Selections are built by assembling simple constraints with the Boolean operators and, or and not. They follow the usual interpretation of logic: A and B will be true only if both A and B are true, A or B will be true if one of A or B is, and not A will be true is A is false. You can use three types of constraints in your selections: Boolean constraints, string constraints, and numeric constraints.

String constraints check text values, such as the atomic name or atomic type, comparing it to a fixed value: name(#1) == Fe. When using a selection with more than one atom, constraints are applied to different atoms using #1, #2, #3 or #4 to refer to a specific atom: angles: name(#3) Co will check the name of the third atom of the angles, and so on.

Numeric constraints check numeric values such as the position of the atoms (x, y, and z), the atomic mass, the index of an atom in the frame, etc. Numeric values can be combined with the usual mathematical operations: x^2 + y^2 + z^2 < 10^2 will check for atoms inside the sphere with a radius of 10 Å centered on the origin. The usual +, -, * and / operators are supported, as well as ^ for exponentiation and % for modulo (remainder of Euclidean division). These operations follow the standard priority rules: 1 + 2 * 3 is 7, not 9. Numeric values are then compared with one of == (equal), != (not equal), < (less than), <= (less or equal), > (more than), or >= (more or equal).

Finally, Boolean constraints directly evaluate to either true or false for a given set of atoms. For example, is_bonded(i, j) will check if atoms i and j are bonded together. Here, i and j can either be one of the atoms currently being matched (#1 / #2 / #3 / #4) or another selection (called sub-selection). In the latter case, all the atoms in the sub-selection are checked to see if any of them verify the selection. This makes is_bonded(#1, name O) select all atoms bonded to an oxygen; and is_angle(type C, #1, name O) select all atoms in the middle of a C-X-O angle.

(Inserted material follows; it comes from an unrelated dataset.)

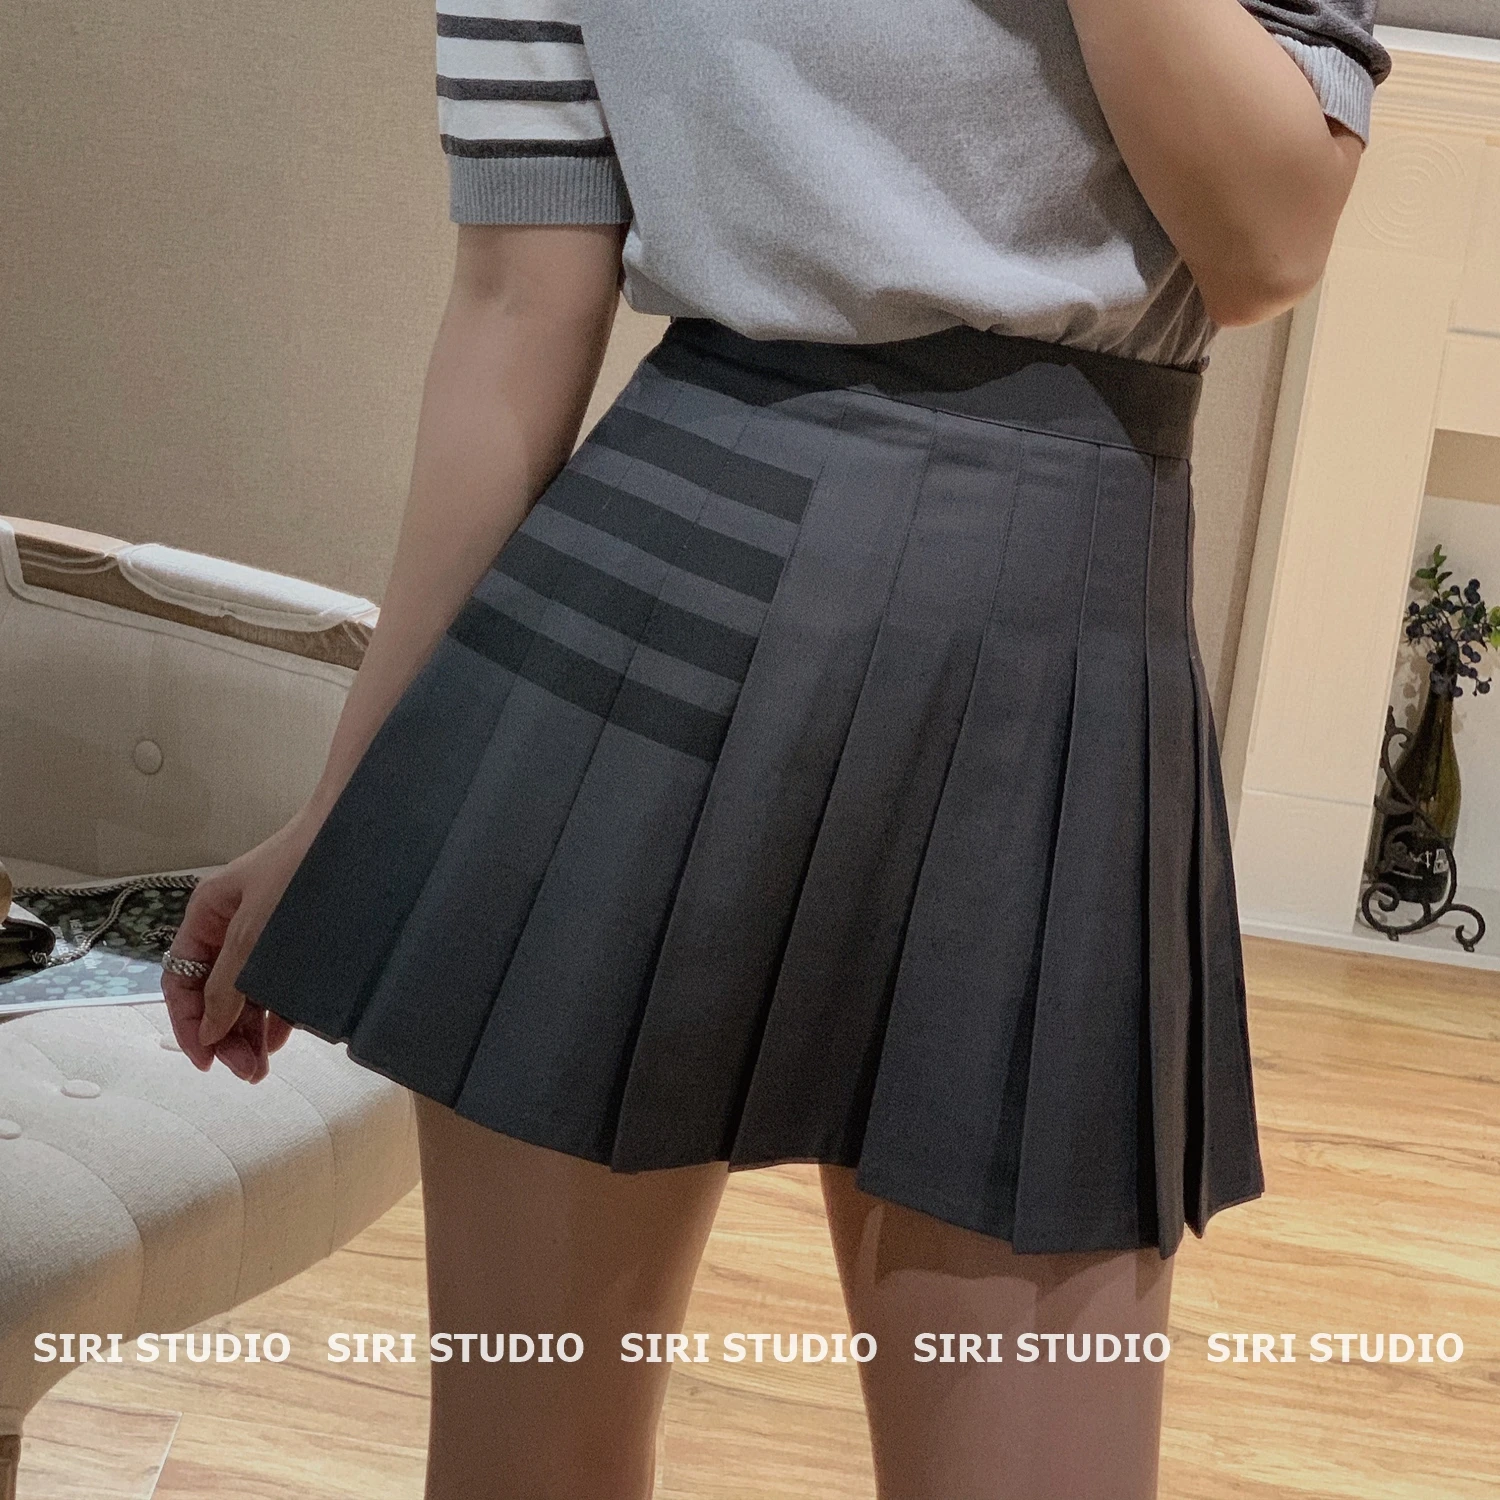 tb gray suit skirt high waist and thin A-line pleated skirt college style retro four-bar striped short skirt skirt women retro women wax rope braided thin waist belt casual style fashion accessories waistband full matching dress shirt decorative bel

Constraints on atomic or residue properties

It is possible to use atomic properties (unfortunately not frame properties) in constraints, with the [<property>] syntax. <property> should be replaced by the property name: [is_hetatm], possibly using quotes around the property name if it contains spaces: ["my own property"]. Depending on the context, a Boolean, string or numeric property will be searched. If an atomic property with a given name cannot be found, residue properties are searched instead, however, atomic properties take precedence. If none can be found, or if the property type does not match, a default value will be used instead: false for Boolean properties, "" (empty string) for string properties, and NaN for numeric properties.

Selection language reference

Here is the list of currently implemented constraints. Additional ideas are welcome!

Boolean constraints

Boolean constraints directly evaluate to true or false, and can be combined with other constraints with and, or and not.

all

Matches any atom and always evaluate to true

none

Never matches an atom and always evaluate to false

is_bonded(i, j)

Check if atoms i and j are bonded together.

i and j can either be one of the atoms currently being matched (i.e. #1 / #2 / #3 / #4); or a sub-selection (e.g. is_bonded(#1, name O)). In the latter case, the constrain will be checked for all atoms returned by the sub-selection, and evaluate to true if any of them matches.

If i and j refers to the same atom, this evaluates to false.

is_angle(i, j, k)

Check if atoms i, j and k are bonded together to form an angle, i.e. that i is bonded to j and j is bonded to k.

i, j, and k can either be one of the atoms currently being matched (i.e. #1 / #2 / #3 / #4); or a sub-selection (with the same behavior as is_bonded).

If any of i, j or k refer to the same atom, is_angle evaluate to false.

is_dihedral(i, j, k, m)

Check if atoms i, j, k and m are bonded together to form a dihedral angle, i.e. that i is bonded to j, j is bonded to k, and k is bonded to m.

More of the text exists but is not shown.